For some, this is a great chance to practise technique, jump and twist over the bumps, pick up speed in the smoother sections and spray their friends with the excess snow.
For others, it’s a nightmare combination of surfaces which hurts the knees, panics those who haven’t got to grips with their edges and tires the legs.
Whatever you think of it, it requires technique.
As with breakable crust, you’ll need lots of flex in your knees to deal with the sudden bumps. If possible, get comfortable with your edges and keep your turns regular and smooth.
Easier said than done considering you’ll most likely encounter crud snow at the end of a long day.
The type of slope almost everyone dreads.
No matter if you’re a beginner or expert, an icy slope can present many problems.

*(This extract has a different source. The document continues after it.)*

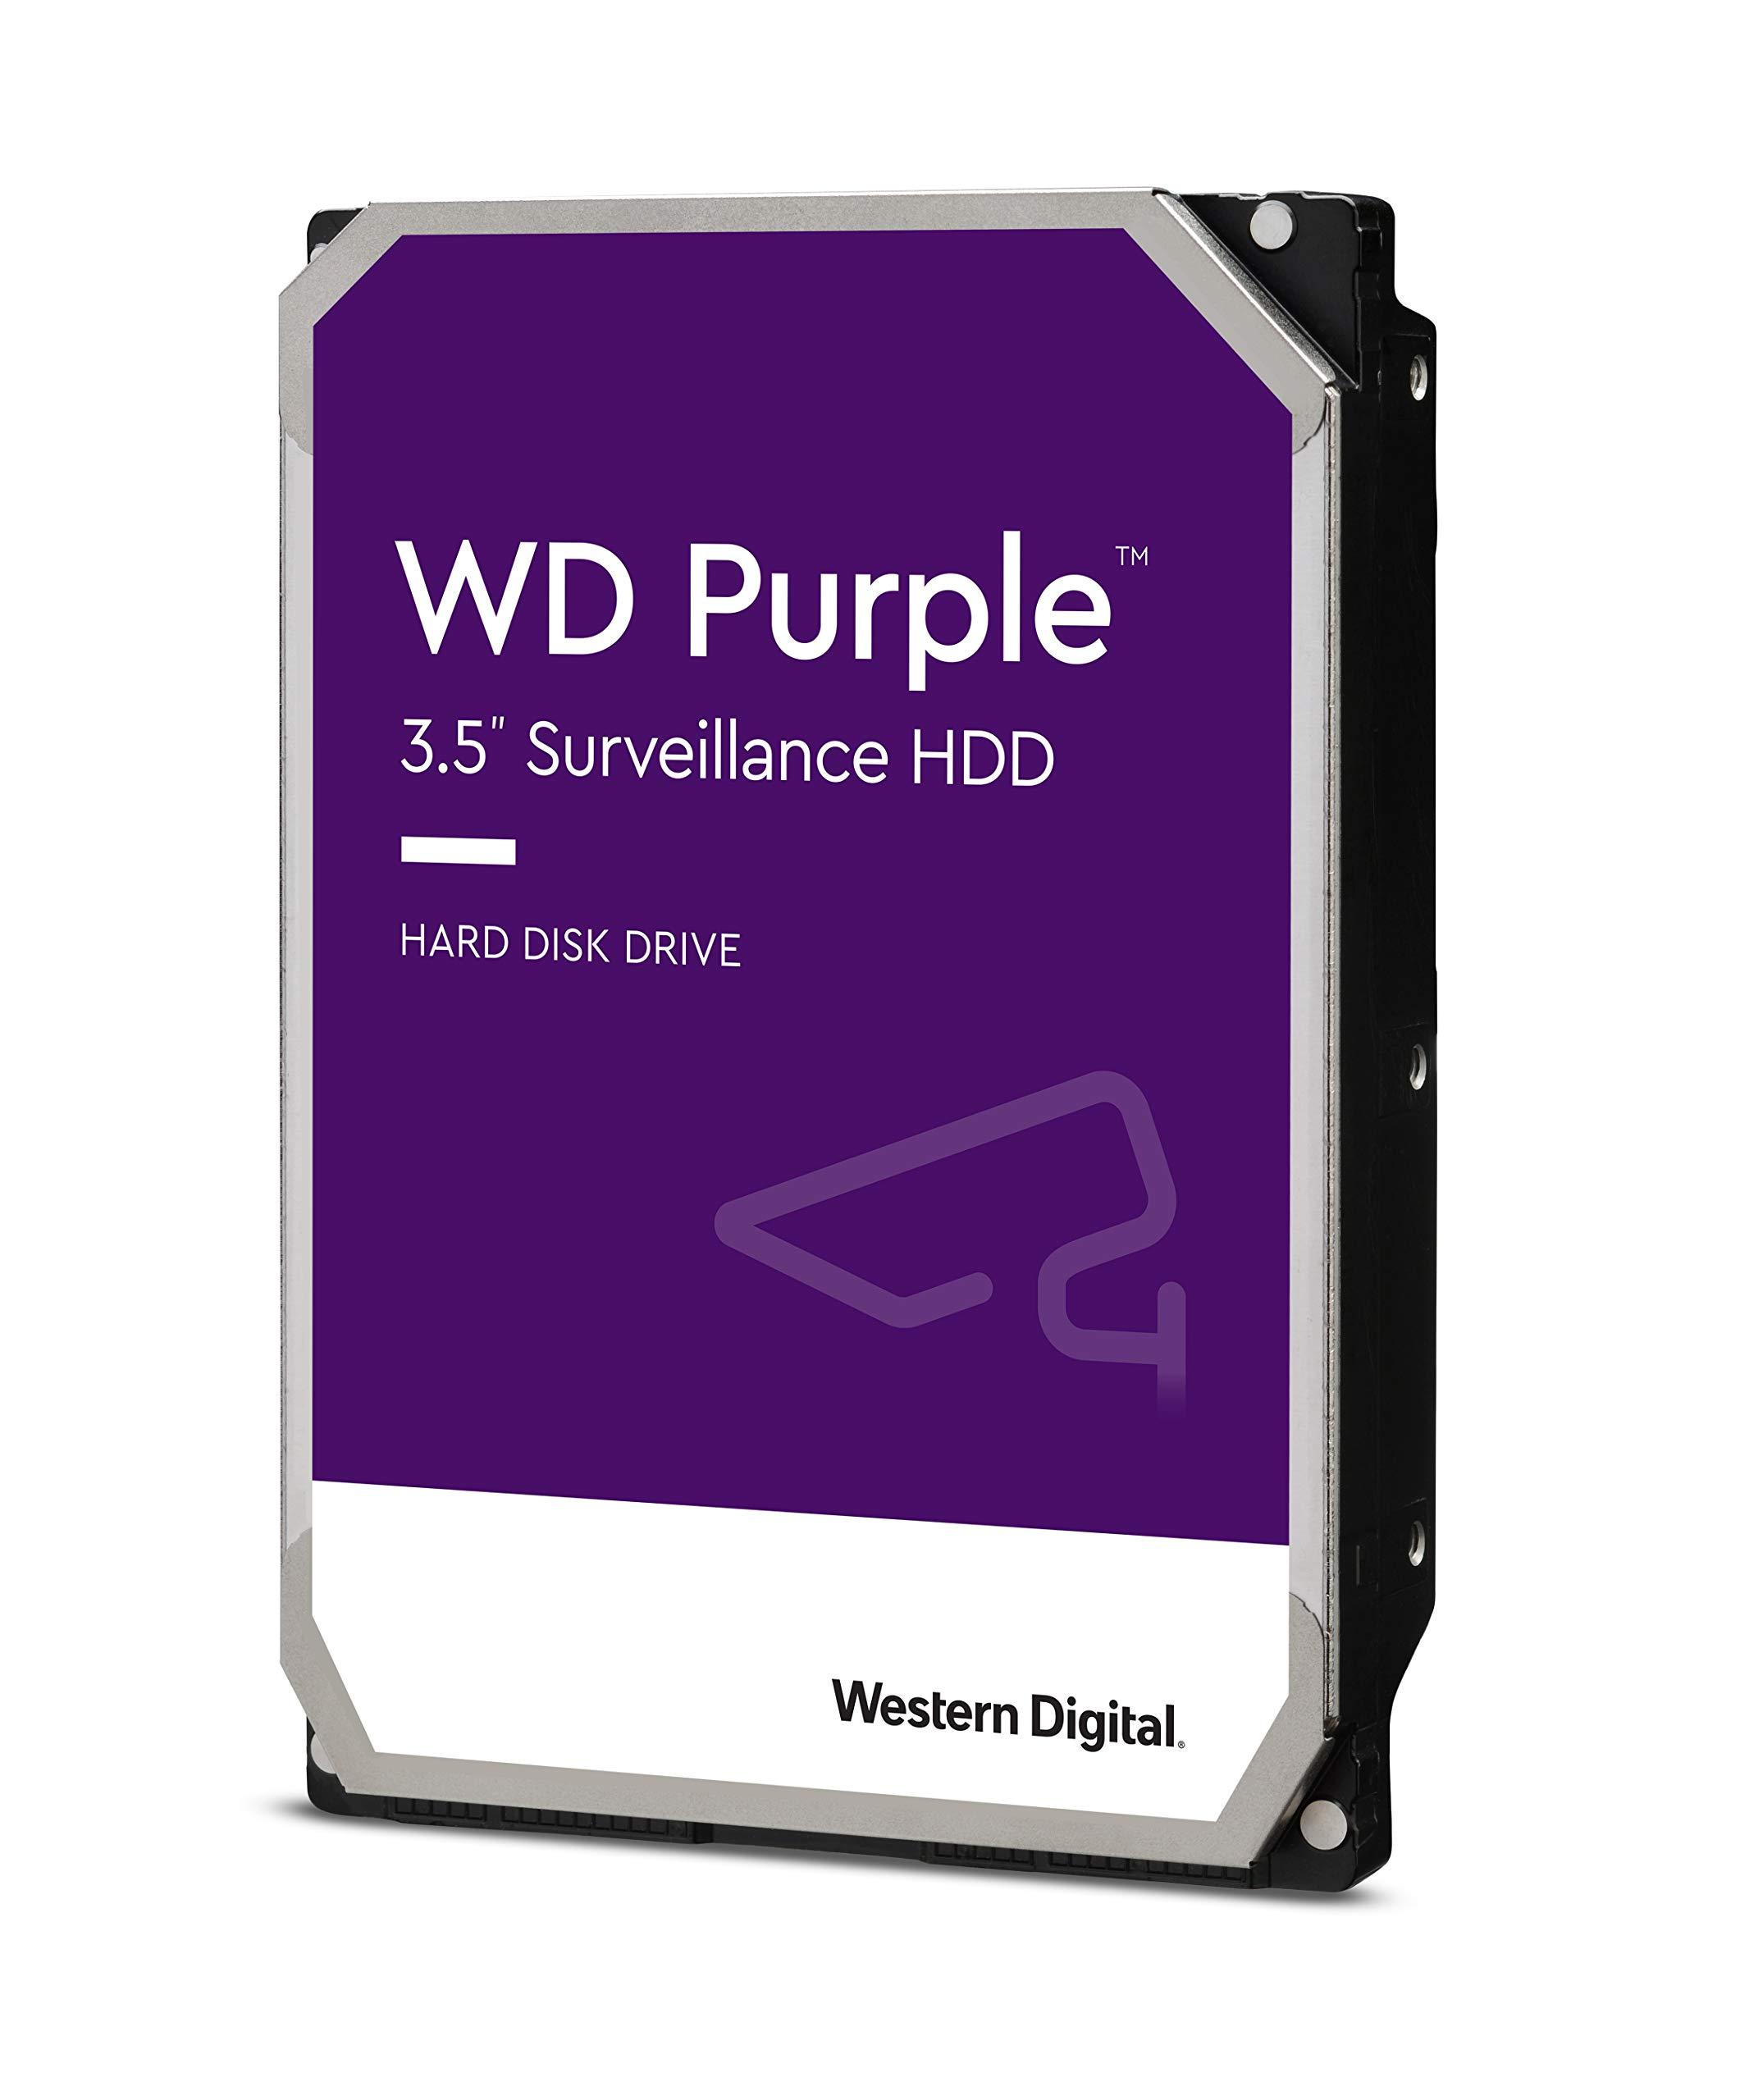 Western Digital Purple 1TB Surveillance 3.5 Inch SATA 6 Gb/s Hard Disk Drive with Allframe 4K Technology - 180TB/yr, 64MB Cache, 5400rpm - WD10PURZ

Icy conditions are formed when snow is melted and refrozen so many times that the to layer becomes slick, slippery and smooth like glass.
Icy conditions also occur when there has been no new snow for a long time so the snow on the slopes has been compacted over and over leaving it very hard, solid and worn smooth.
An extreme version of hard-packed snow, if you will.
Skiing on ice requires a lot of edges to remain in control and not slide wildly through the turns.
Keeping your moves subtle and controlled is key to not losing grip and sliding down on your backside! Keeping almost all your weight on your outside ski will really help.
Having said that, some people prefer to skip the turns altogether. Icy slopes can be great for picking up speed if there aren’t many people around and lots of racers hope for icy conditions to reach top speeds.
It does make stopping an issue though…
Slush is a pretty easy one to both recognise and deal with.
It’s just snow which has started to melt, otherwise called “wet snow”.
Because it’s that much wetter, it’s also that much heavier and can stick to your skis, weighing you down.
You’ll need to keep your turns smooth and try to stay on edges to avoid wasting your energy.
Slush breaks up pretty easily so you won’t need to worry about hitting large chunks of solid snow and getting shocks up your shins.
Finally, a little bit of a different one to end on, artificial snow.
Most big resorts have snow cannons which are turned on at night if there hasn’t been much natural snowfall recently.
The snow cannons fire high-pressure water into the air when the air temperature is below zero.
The water freezes but, unlike snow which is made of crystals, man-made snow is just tiny round balls of semi-frozen water. Consequently, it’s very hard and solid.
Normally it’s fine in the morning but later in the day, when it has been compacted further by everyone skiing and boarding over the top, it can become very slippery.
It gains an icy consistency but doesn’t always look like ice so is much harder to prepare for.
As with icy conditions, you’ll need your edges and hopefully, your knees aren’t too tired because coming off a patch of icy artificial snow into a patch of compacted, solid artificial snow can be a very painful end to the day.